Quality Control in Field Operations

Quality control is defined as a series of verification procedures designed to ensure that the results of a produced good or service meet expectations. It involves rigorous inspection, measurement, and testing to detect and correct deviations from desired quality standards, fostering continuous quality improvement.

In field operations, the quality control process involves checking that the technician's work on a given intervention meets established standards, thereby preventing defects from escalating. Traditionally, QC has relied heavily on manual verification methods where back-office personnel review photos or conduct on-site audits,  impacting customer satisfaction. 

This reliance on human judgment is costly, as manual inspections are time-consuming compared to automated quality assurance tools. Incorporating advanced quality assurance tools can significantly improve this process.

Additionally,  quality control is often carried out on a sample of operations.

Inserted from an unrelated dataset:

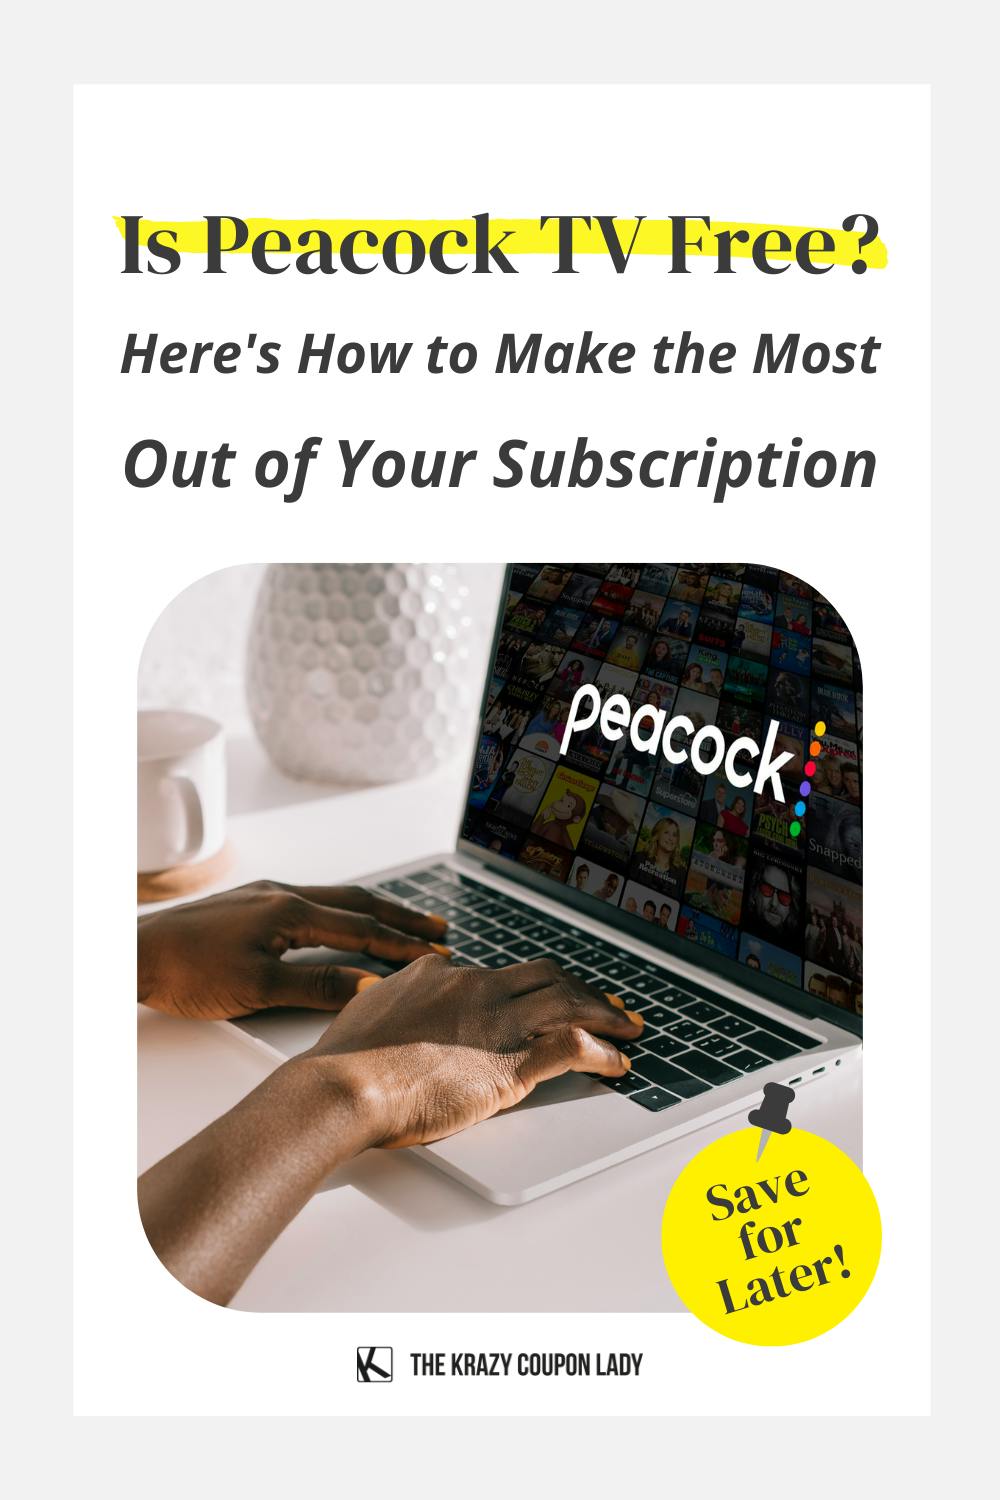 Is Peacock Free? Making the Most Out of Your Subscription

AI makes it possible to perform comprehensive checks on all operations at speed. Its manual composition prevents it from being scalable, leaving many operations unchecked and anomalies undetected.

Example

Before implementing an AI-powered QC solution for fiber optic installations, French service providers experienced failure rates of up to 30% according to the French telecom regulator, called ARCEP . This was heavily hampering operators’ profits, as they had to plan costly revisits to fix the errors.

Digitizing Quality Control in Field Operations with AI

AI has been a remarkable quality control management amplifier in field operations through its ability to enable a more systematic approach. This is because the AI automates the data analysis of each photo captured on-site, detects defects with high accuracy, and provides immediate feedback to field workers. 

The technology behind this transformation is called computer vision, one of the quality control AI tools that allows field workers to perform real-time inspection of their own work and make corrections before leaving the site.

The advantages of quality control with AI include:

  • Reduced errors and oversight: On-the-spot anomaly detection, leading to higher accuracy and reliability in quality assessments.
  • Cost savings and efficiency improvements: Automating these processes minimizes the need for manual inspections and reduces the occurrence of defects, allowing organizations to save on labor costs and avoid expensive rework.
  • Accelerated project timelines: The ability to correct issues immediately with real-time feedback and on-the-spot corrections means projects can proceed without the delays typically associated with post-completion inspections and corrections.

At Deepomatic we reject the outdated ‘Post-Work Quality Control’ – a reactive approach to identifying defects or issues only once the work is done. Instead, we support the concept of Real-time and Automated Quality Control. This enables our customers to achieve First-Time-Right operations, ensuring that field operations succeed on the engineer's first visit. Our computer vision platform was developed to meet this objective and therefore allows our clients to achieve all the benefits listed above.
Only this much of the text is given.